Etiquette and the Gilded Age Toilette

It is every woman's to make herself as beautiful as possible; and no less the duty of every man to make himself pleasing in appearance. The duty of looking well is one we owe not only to ourselves, but to others as well. 

DUTY has more to do with attention to the toilette than vanity. We are therefore bound to turn our personal attractions to the very best advantage, and to preserve every agreeable quality with which we may have been endowed.

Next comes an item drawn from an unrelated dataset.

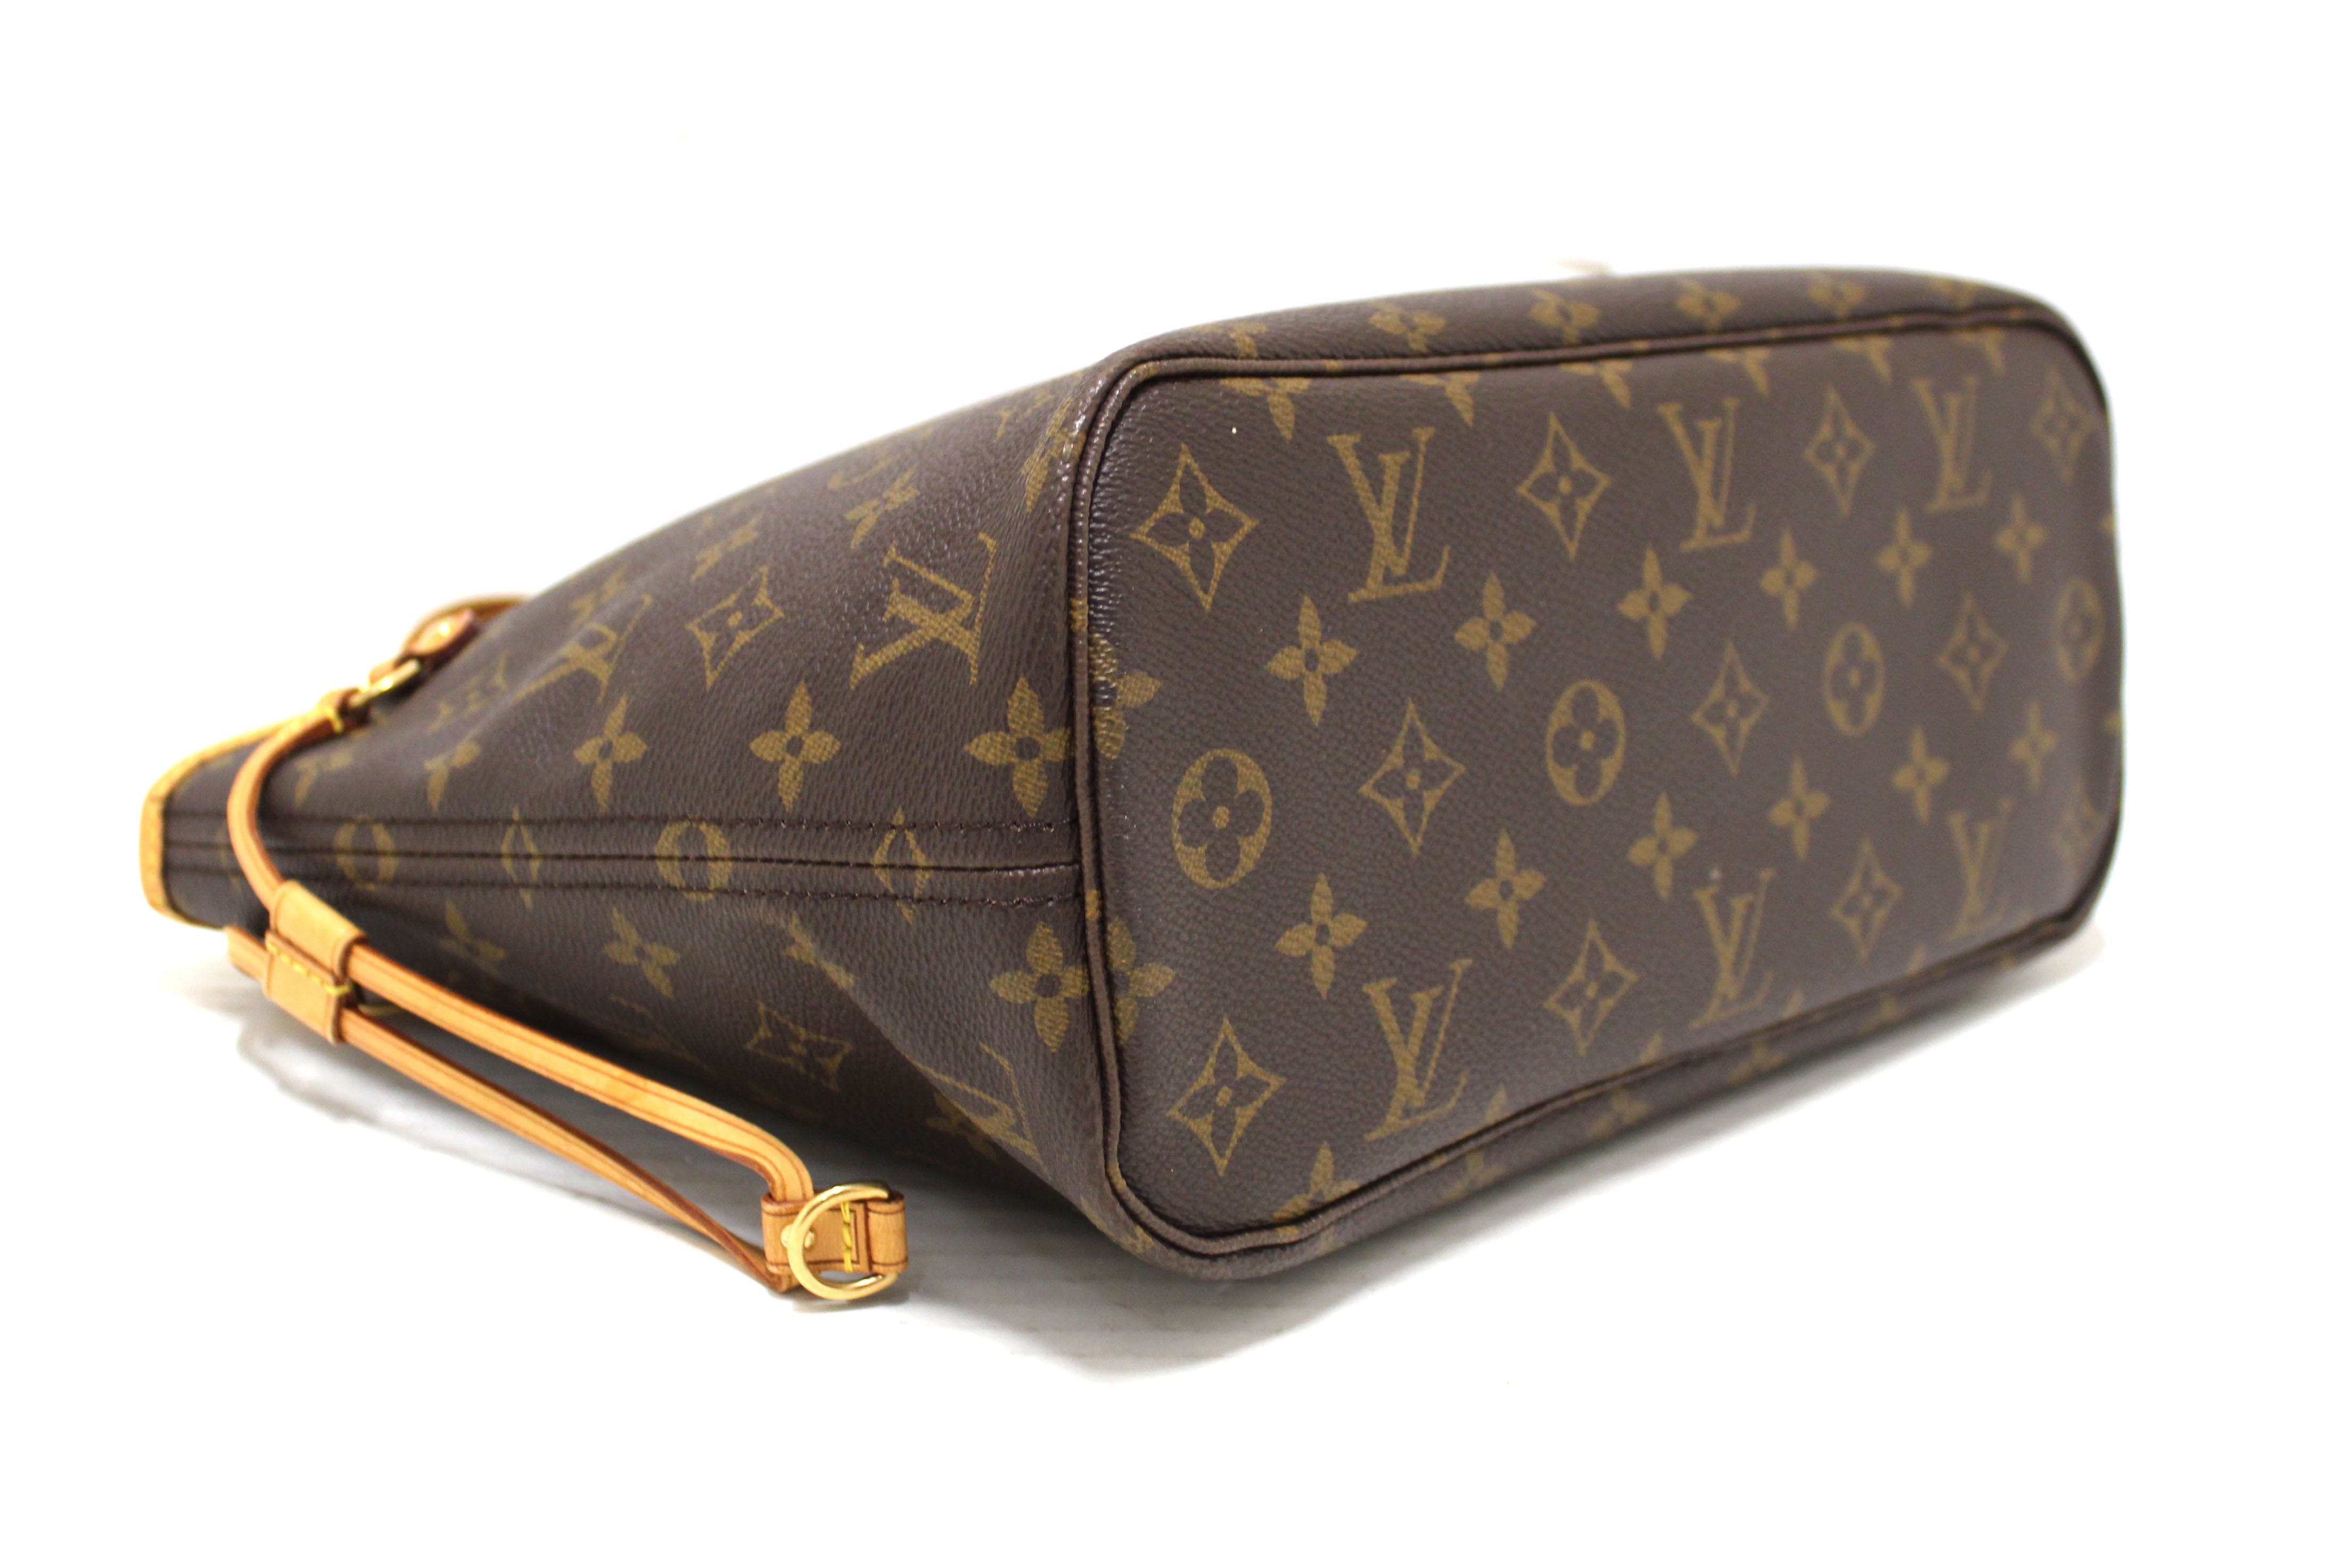 Authentic Louis Vuitton Classic Monogram Neverfull PM Tote Shoulder Bag

It is every woman's duty to make herself as beautiful as possible; and no less the duty of every man to make himself pleasing in appearance. The duty of looking well is one we owe not only to ourselves, but to others as well. We owe it to ourselves because others estimate us very naturally and very properly by our outward appearance; and we owe it to others because we have no right to put our friends to the blush by our untidiness.

If a gentleman ask a lady to accompany him to the opera or a concert, she has no right to turn that expected pleasure into a pain and mortification by presenting herself with tumbled hair, ill-chosen dress, badly-fitting gloves and an atmosphere of cheap and offensive perfumes. 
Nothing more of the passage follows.